▶ **What to do**
Print the lines below from the line with "Vans VANS regular" to the line with "Pronájem bytu 1+1" exactly, keeping both ends, and print no pictures.

▶ **Data in this exercise**

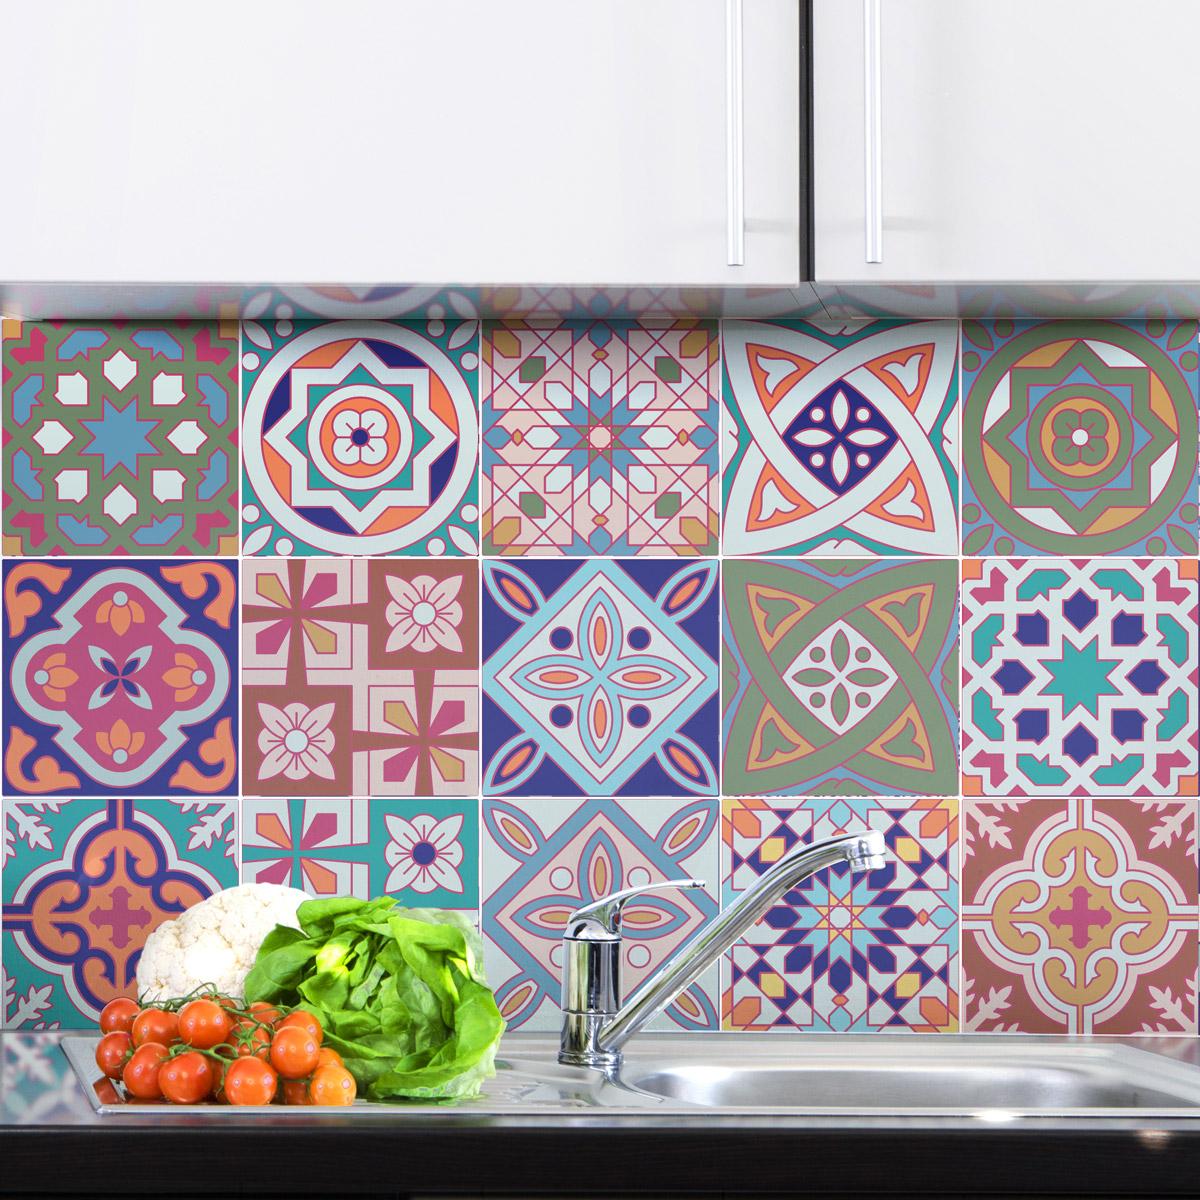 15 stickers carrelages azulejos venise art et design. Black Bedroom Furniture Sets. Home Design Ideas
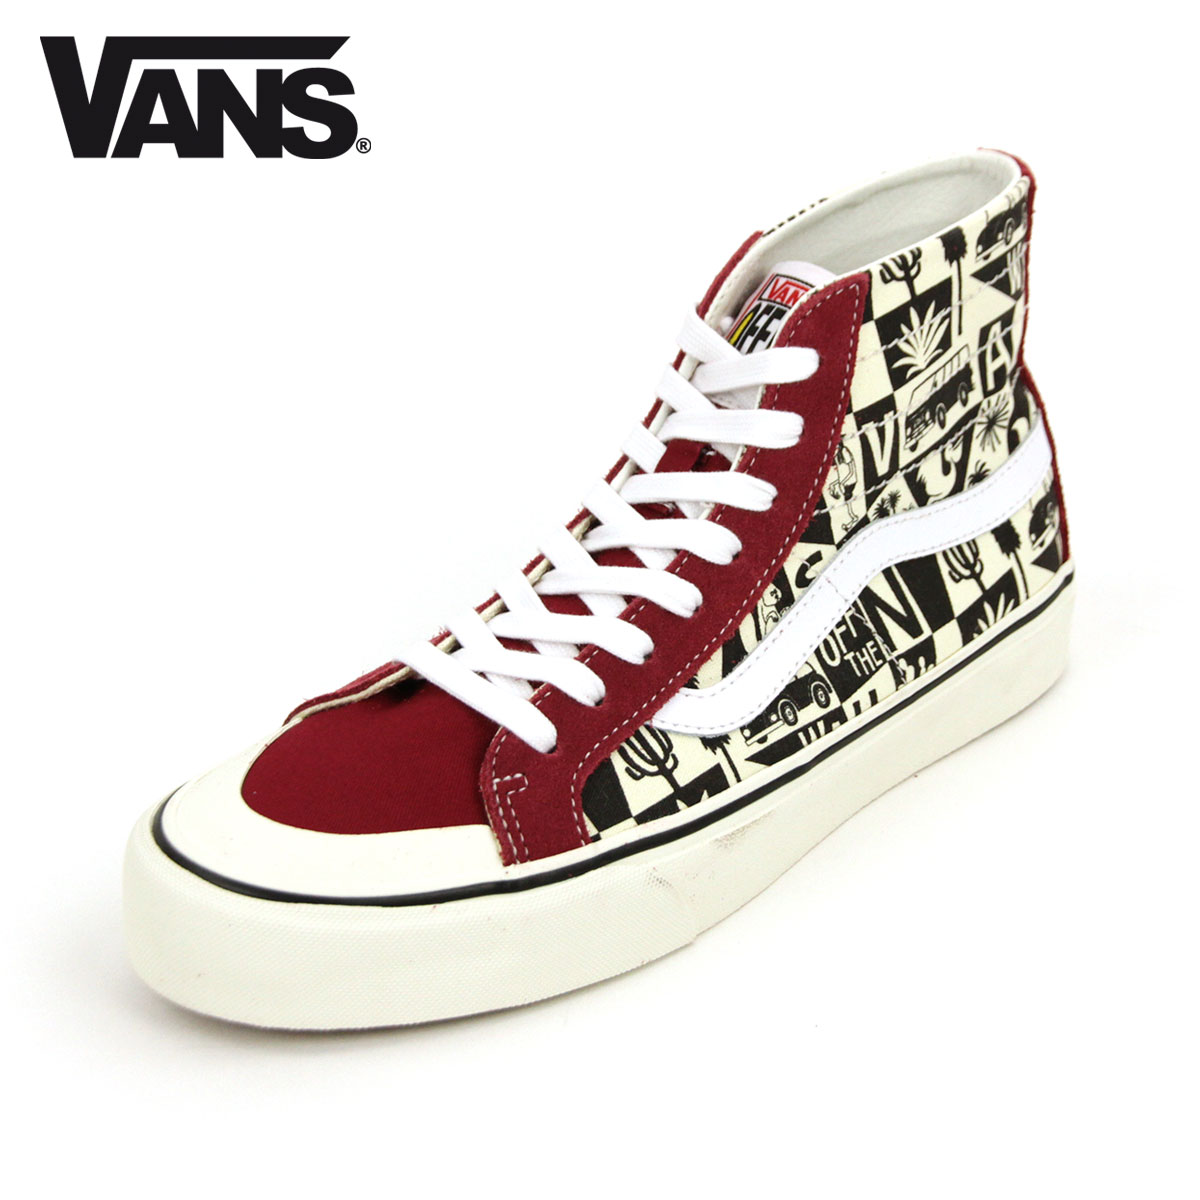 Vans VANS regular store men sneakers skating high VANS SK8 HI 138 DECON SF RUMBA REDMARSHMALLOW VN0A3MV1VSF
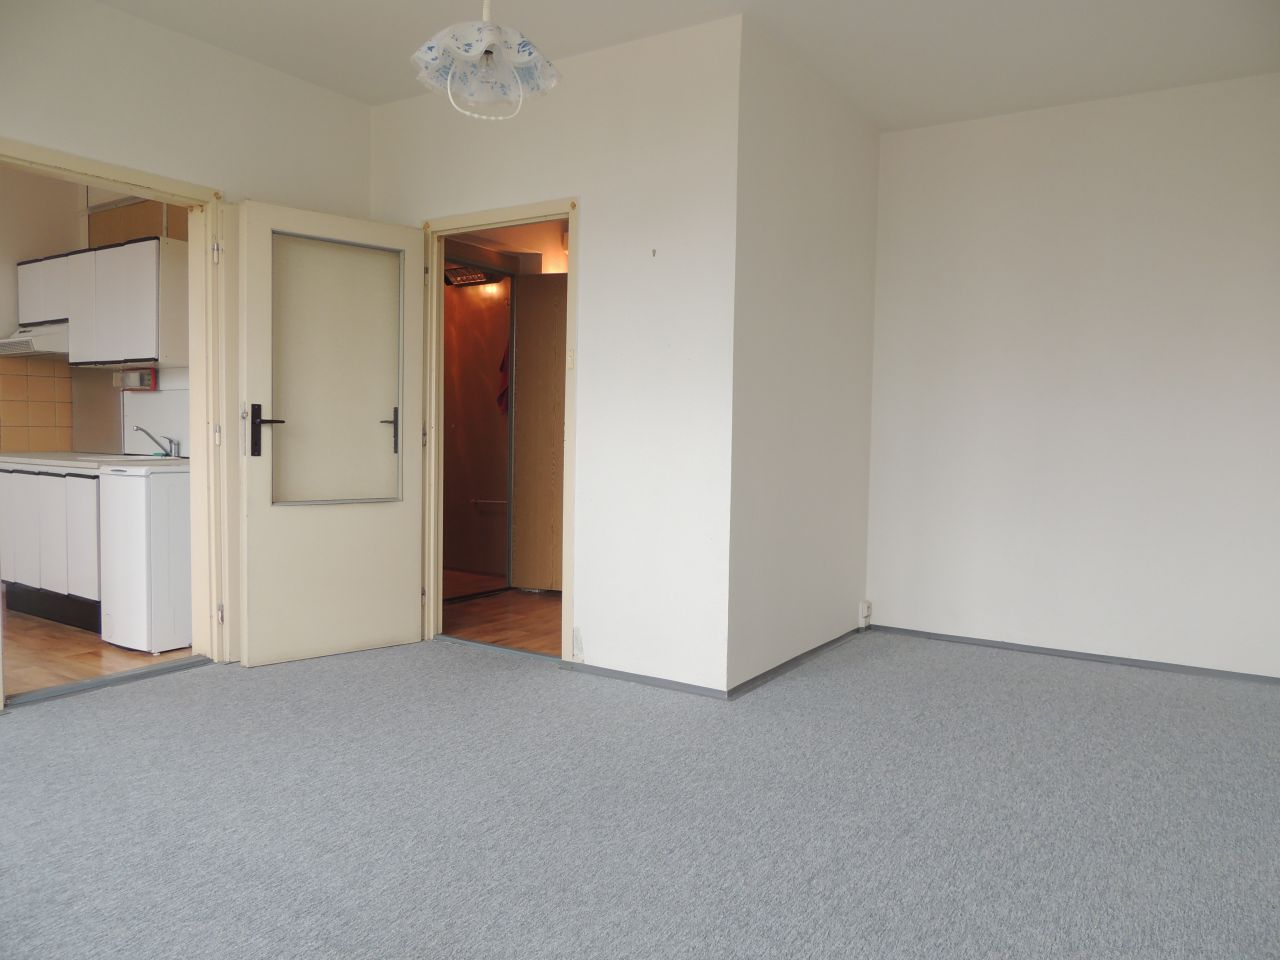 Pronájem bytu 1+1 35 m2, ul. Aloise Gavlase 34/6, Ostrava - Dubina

* * *

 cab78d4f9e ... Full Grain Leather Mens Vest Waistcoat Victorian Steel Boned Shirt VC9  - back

▶ **Response below**
 Vans VANS regular store men sneakers skating high VANS SK8 HI 138 DECON SF RUMBA REDMARSHMALLOW VN0A3MV1VSF
 Pronájem bytu 1+1 35 m2, ul. Aloise Gavlase 34/6, Ostrava - Dubina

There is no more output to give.